• **Data**
- - -
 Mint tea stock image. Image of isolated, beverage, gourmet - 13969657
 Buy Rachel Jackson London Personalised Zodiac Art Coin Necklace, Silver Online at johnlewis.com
- - -
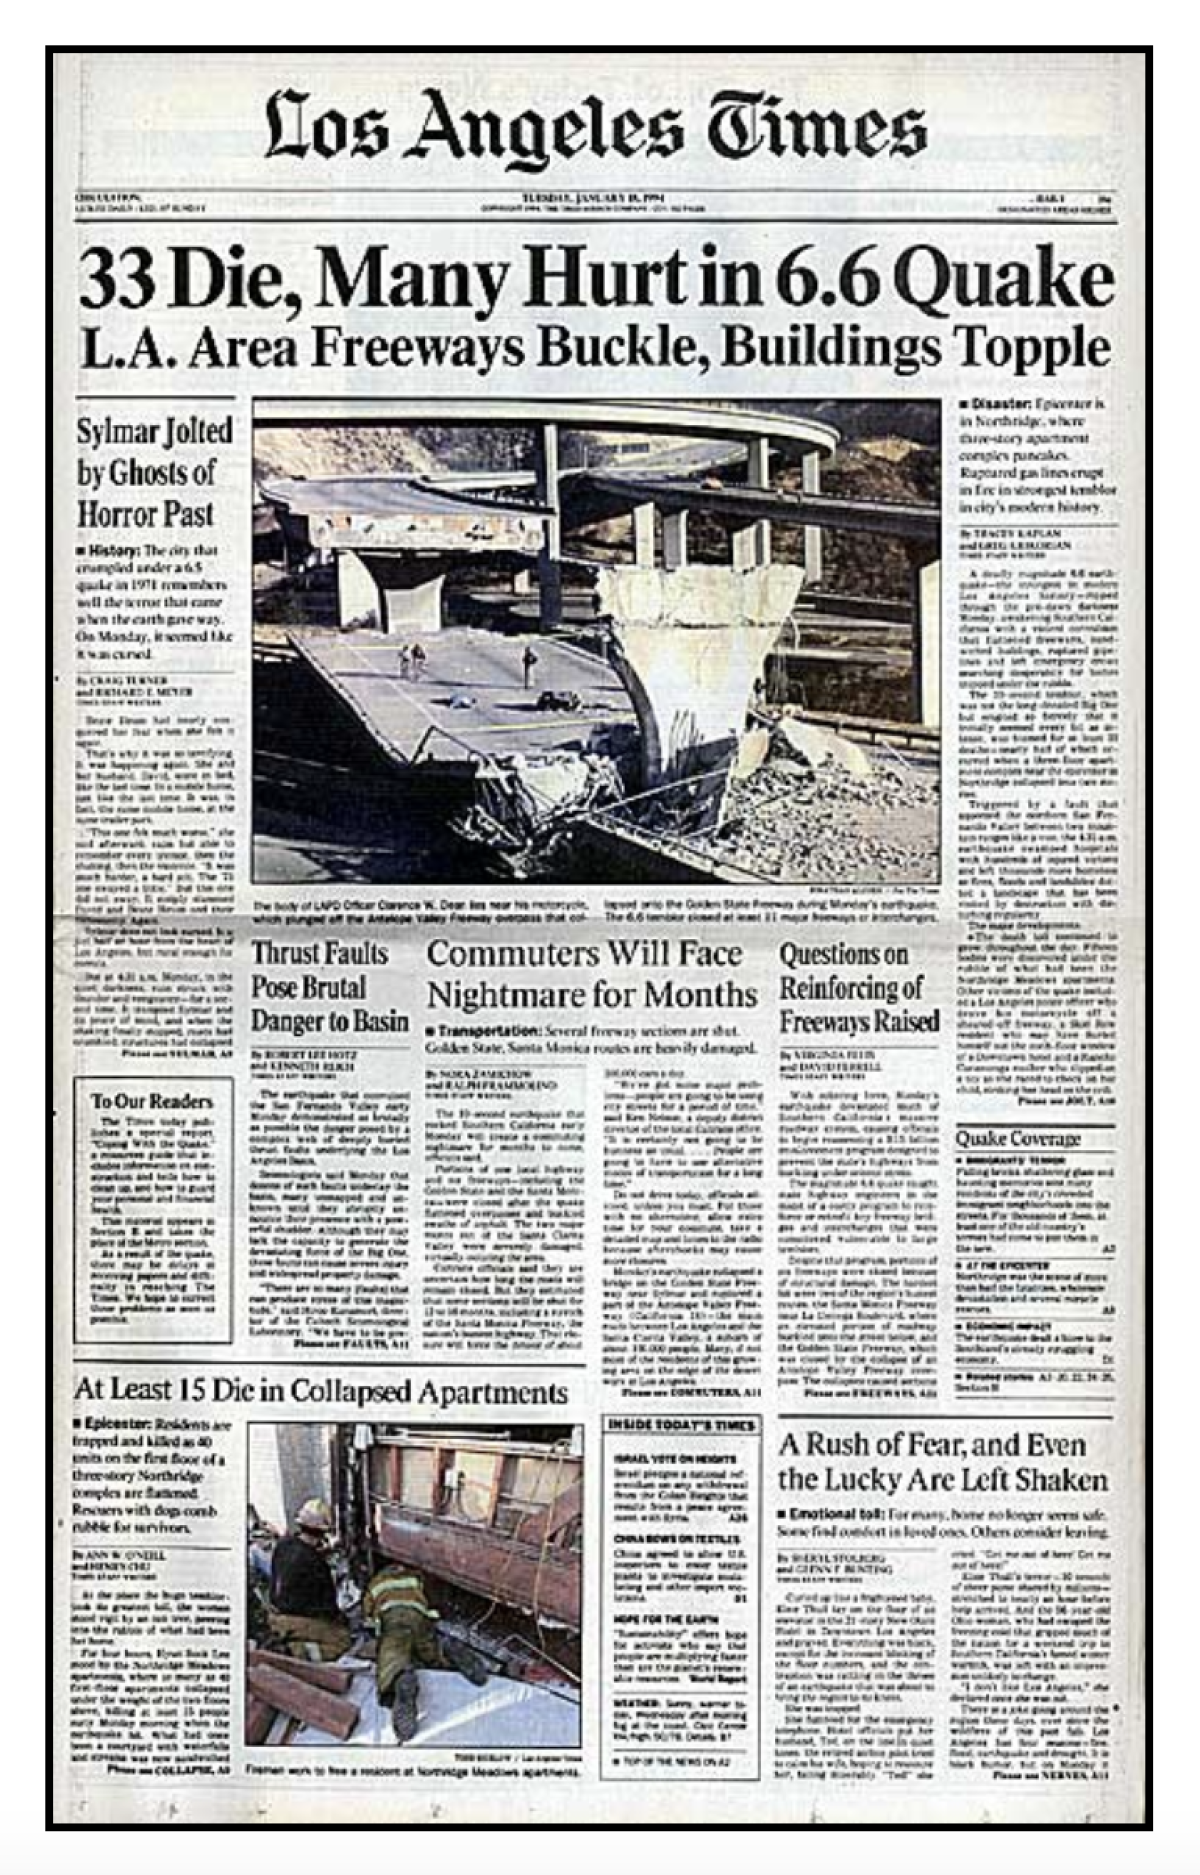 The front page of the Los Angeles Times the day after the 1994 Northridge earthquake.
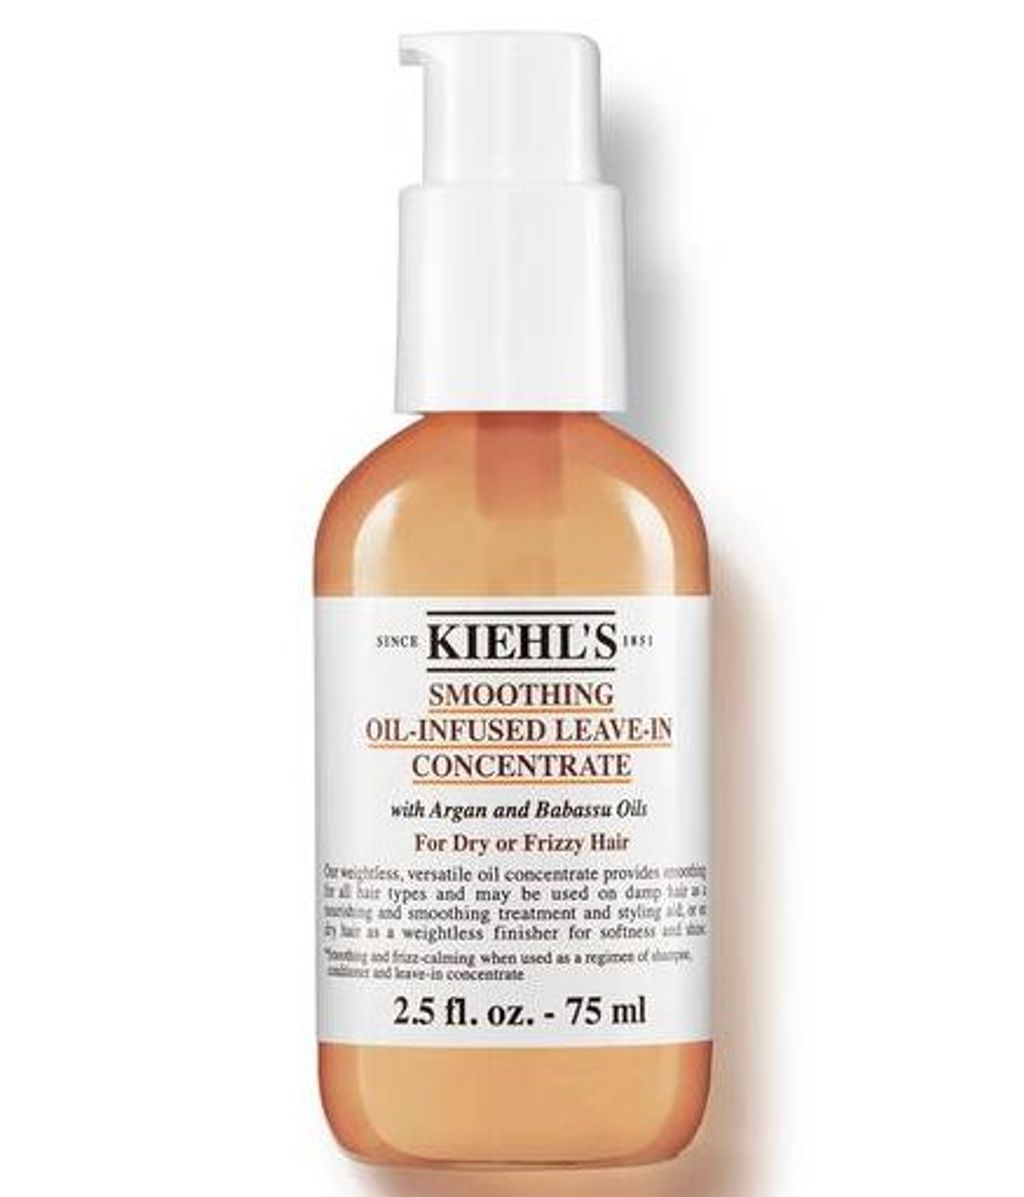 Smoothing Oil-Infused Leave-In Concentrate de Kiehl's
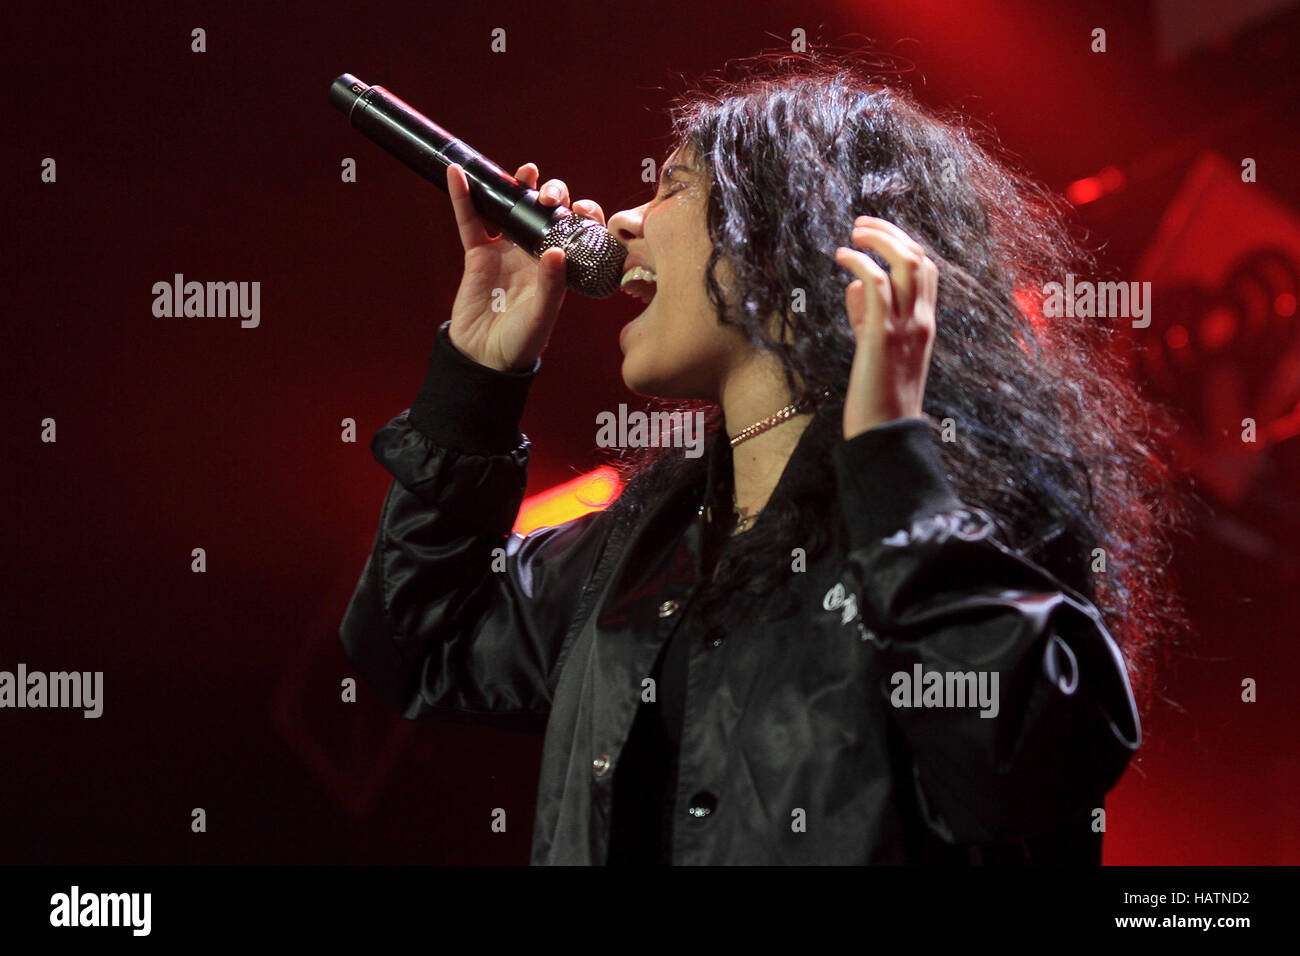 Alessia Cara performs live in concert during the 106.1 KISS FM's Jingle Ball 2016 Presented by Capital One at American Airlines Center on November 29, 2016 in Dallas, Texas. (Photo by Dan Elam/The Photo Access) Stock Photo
- - -
• **Problem to work on**
What is needed is a verbatim copy of every line in the records above from the one containing "Mint tea stock" down to the one containing "Buy Rachel Jackson", both included, and nothing more.

• **Solution**
 Mint tea stock image. Image of isolated, beverage, gourmet - 13969657
 Buy Rachel Jackson London Personalised Zodiac Art Coin Necklace, Silver Online at johnlewis.com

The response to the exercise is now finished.